▸ **Assignment**:
A word-for-word retyping of the listing below is required, with the pictures dropped.

▸ **The data**:
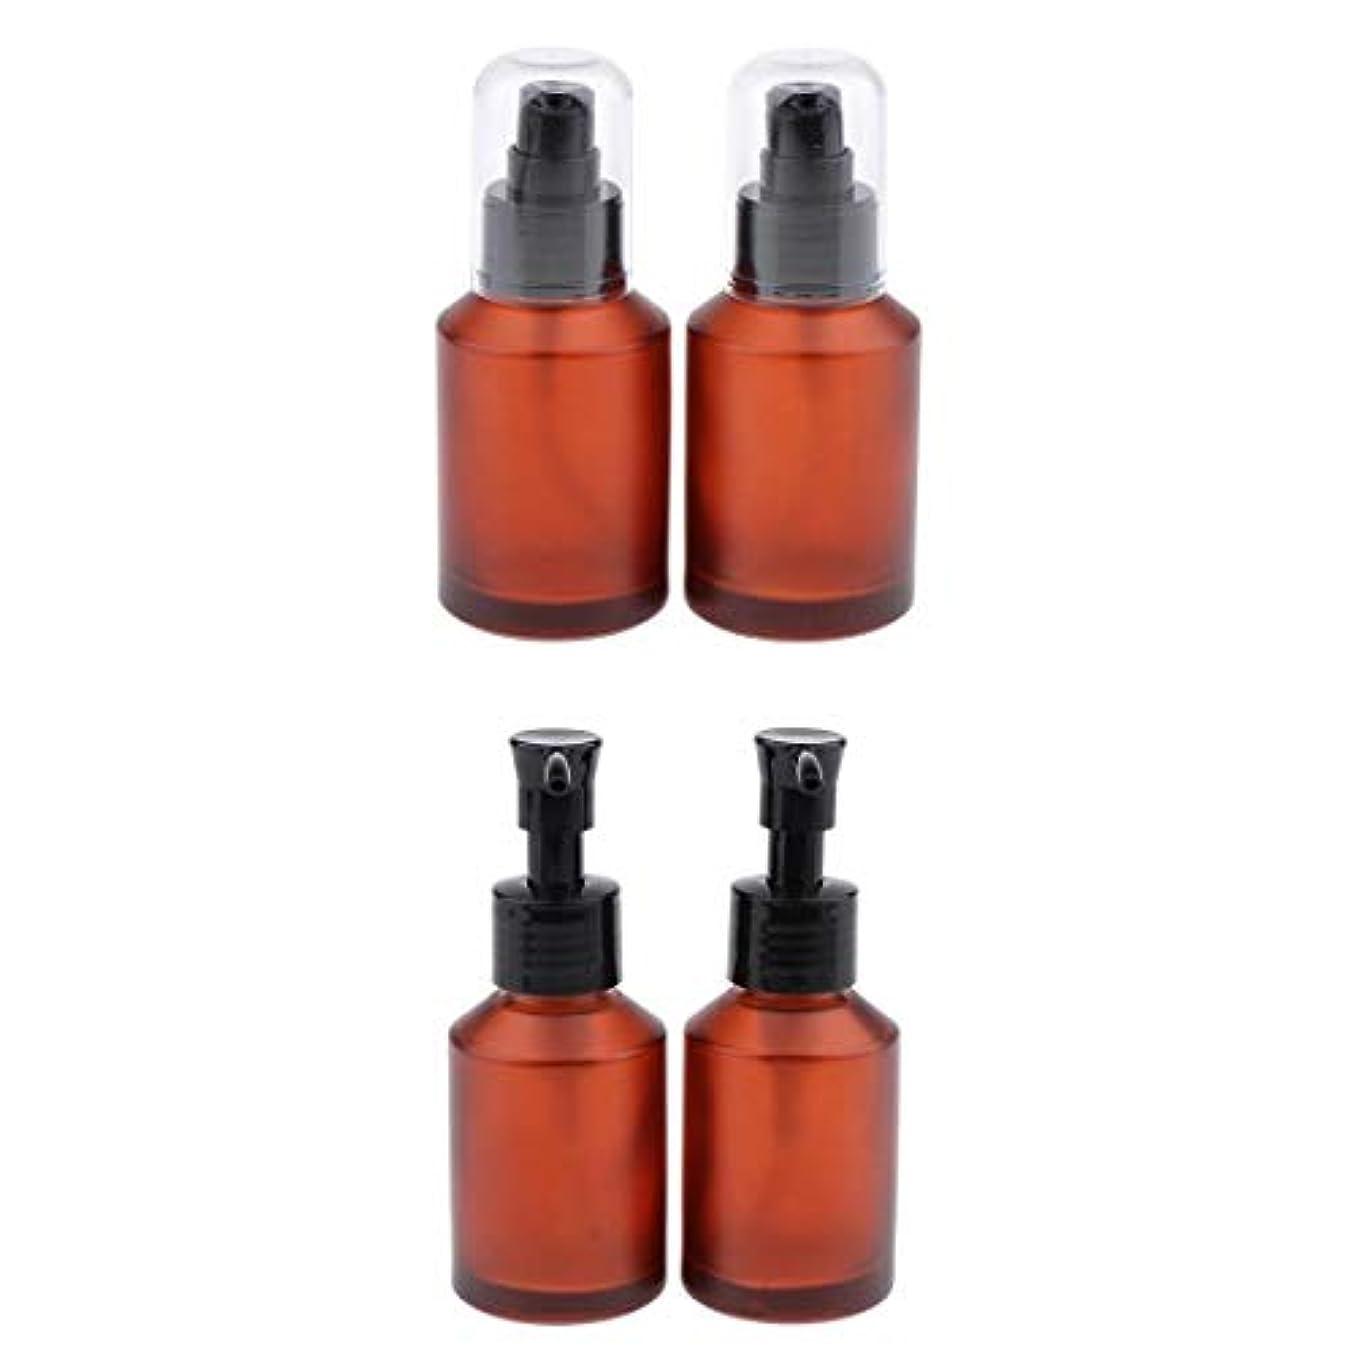 リーク困惑素晴らしき4個セット スプレーボトル スポイト瓶 遮光瓶 ガラス製 精油瓶 詰め替え アロマ保存容器 小分け用
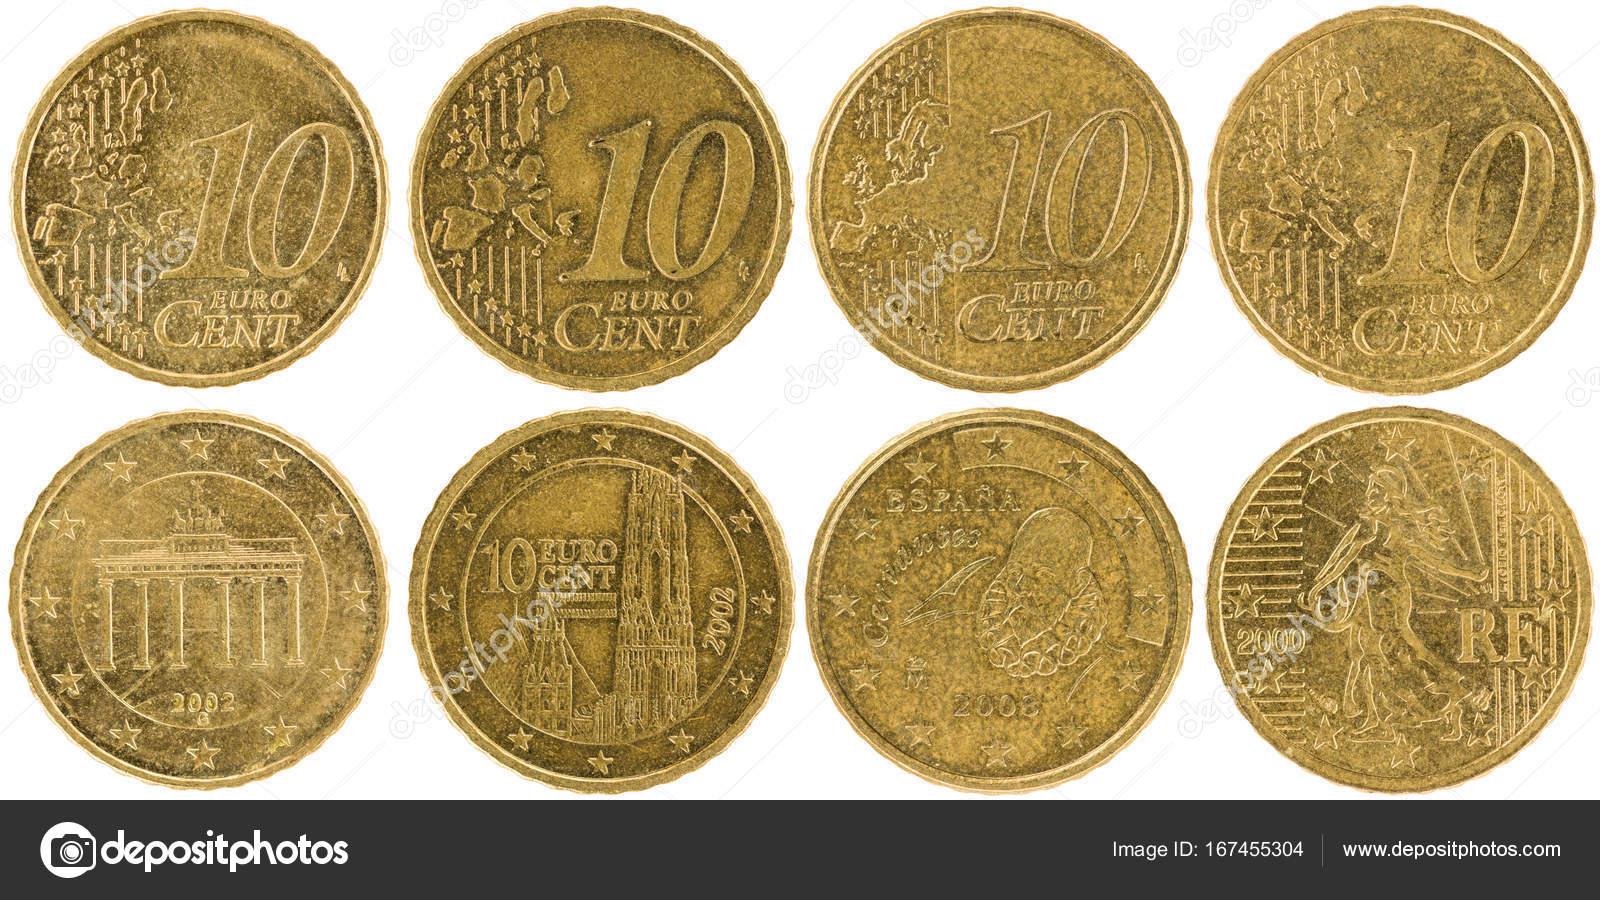 Einige Verwendet Europäische 10 Cent Münzen Stockfoto
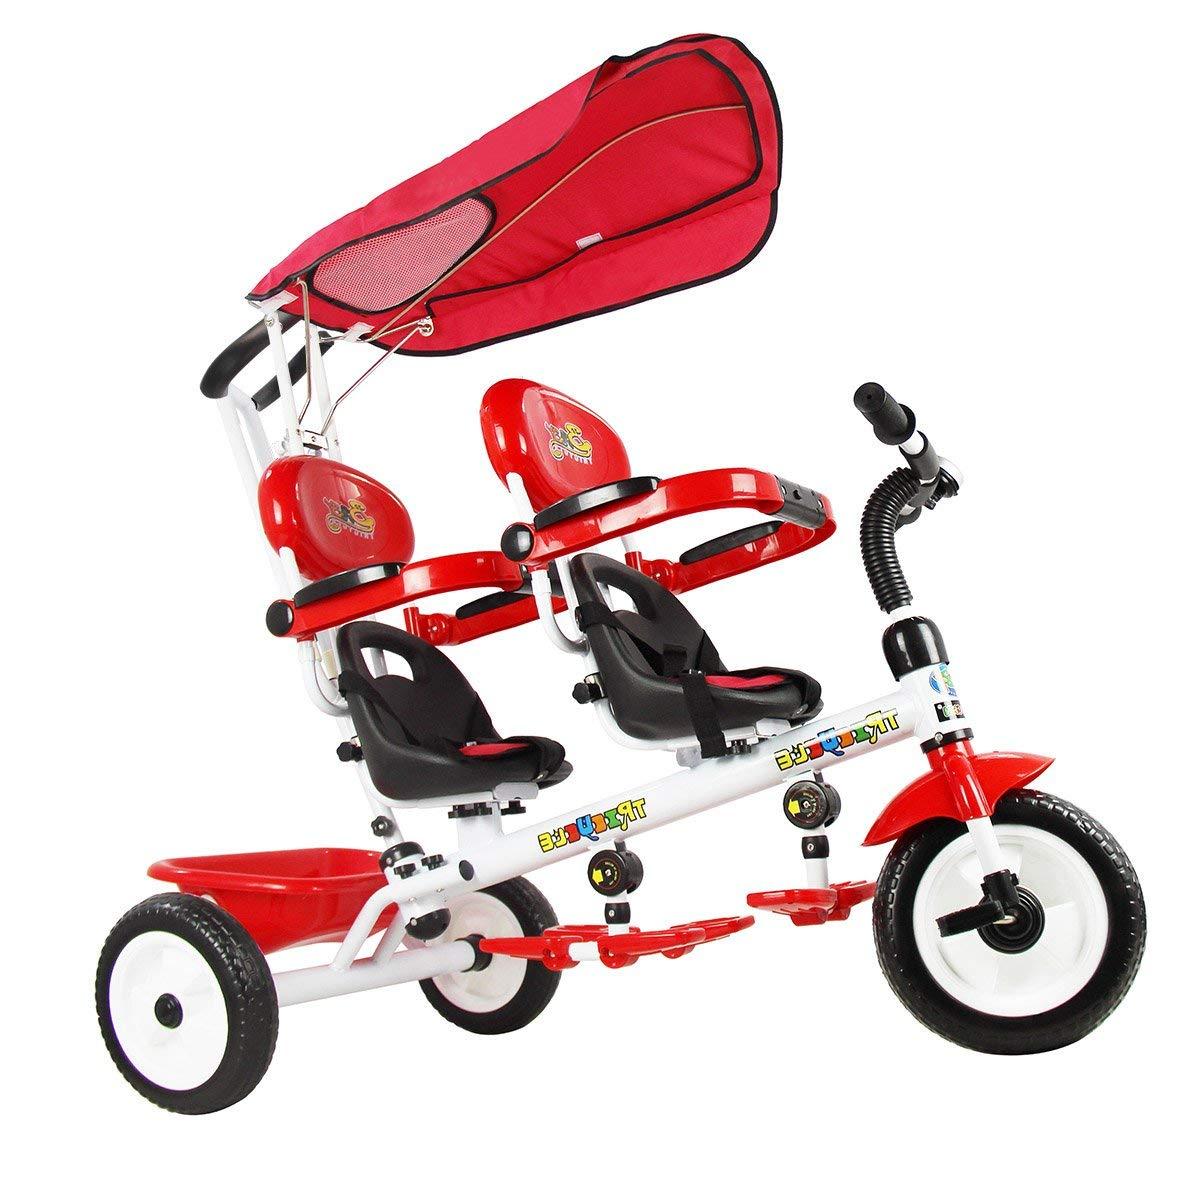 vengaconmigo Triciclo Gemelar para Niños Triciclo Infantil Doble con Sombrilla Triciclo para Gemelos Barandilla y Pedal Plegable Configurados (Rojo)
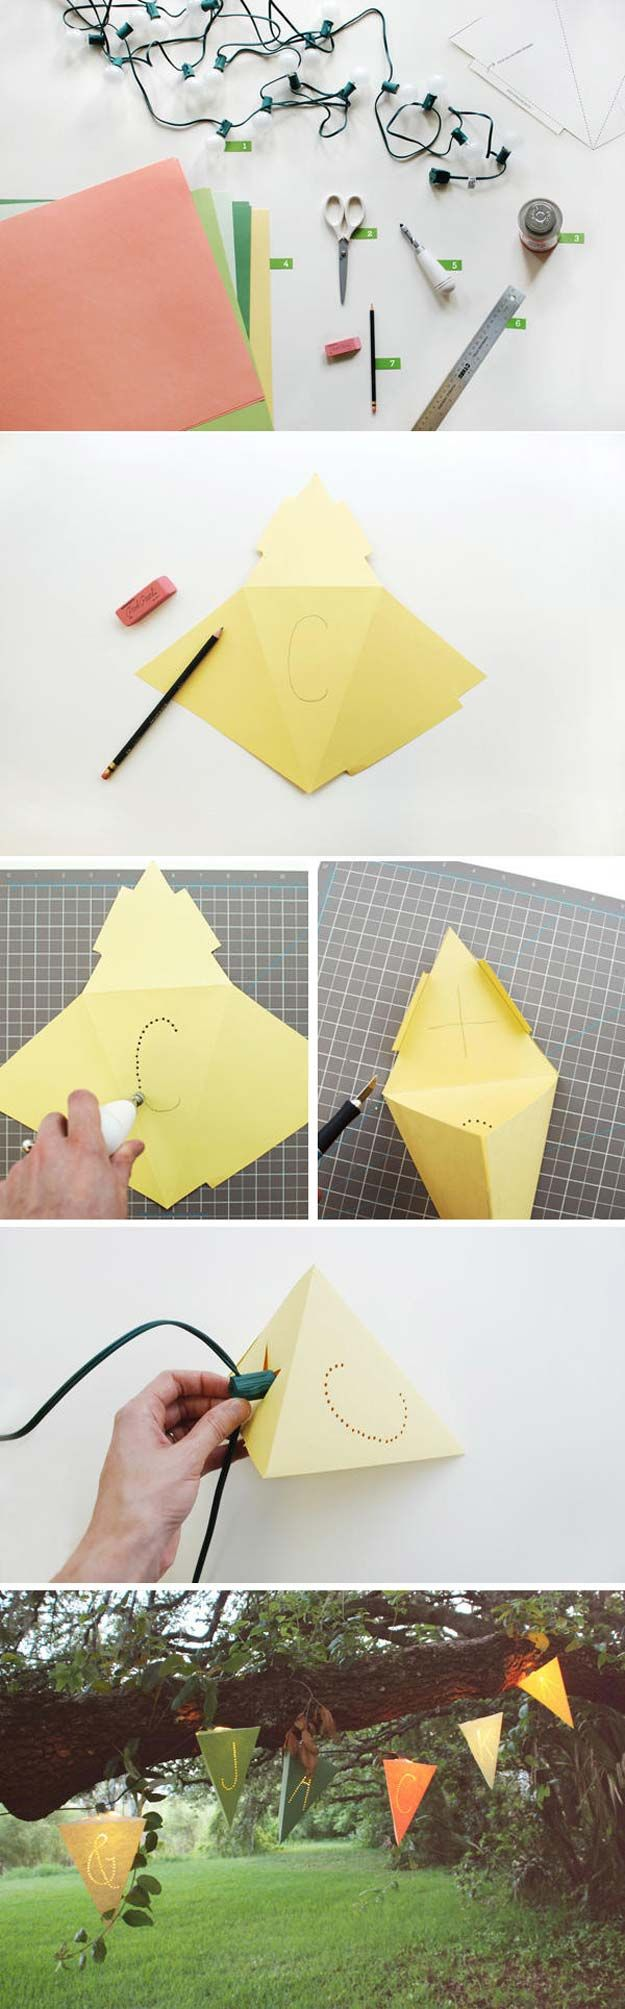 Guirnalda geométrica DIY para tus fiestas - oncewed.com - DIY Geometric Lights

▸ **Response below**:
 リーク困惑素晴らしき4個セット スプレーボトル スポイト瓶 遮光瓶 ガラス製 精油瓶 詰め替え アロマ保存容器 小分け用
 Einige Verwendet Europäische 10 Cent Münzen Stockfoto
 vengaconmigo Triciclo Gemelar para Niños Triciclo Infantil Doble con Sombrilla Triciclo para Gemelos Barandilla y Pedal Plegable Configurados (Rojo)
 Guirnalda geométrica DIY para tus fiestas - oncewed.com - DIY Geometric Lights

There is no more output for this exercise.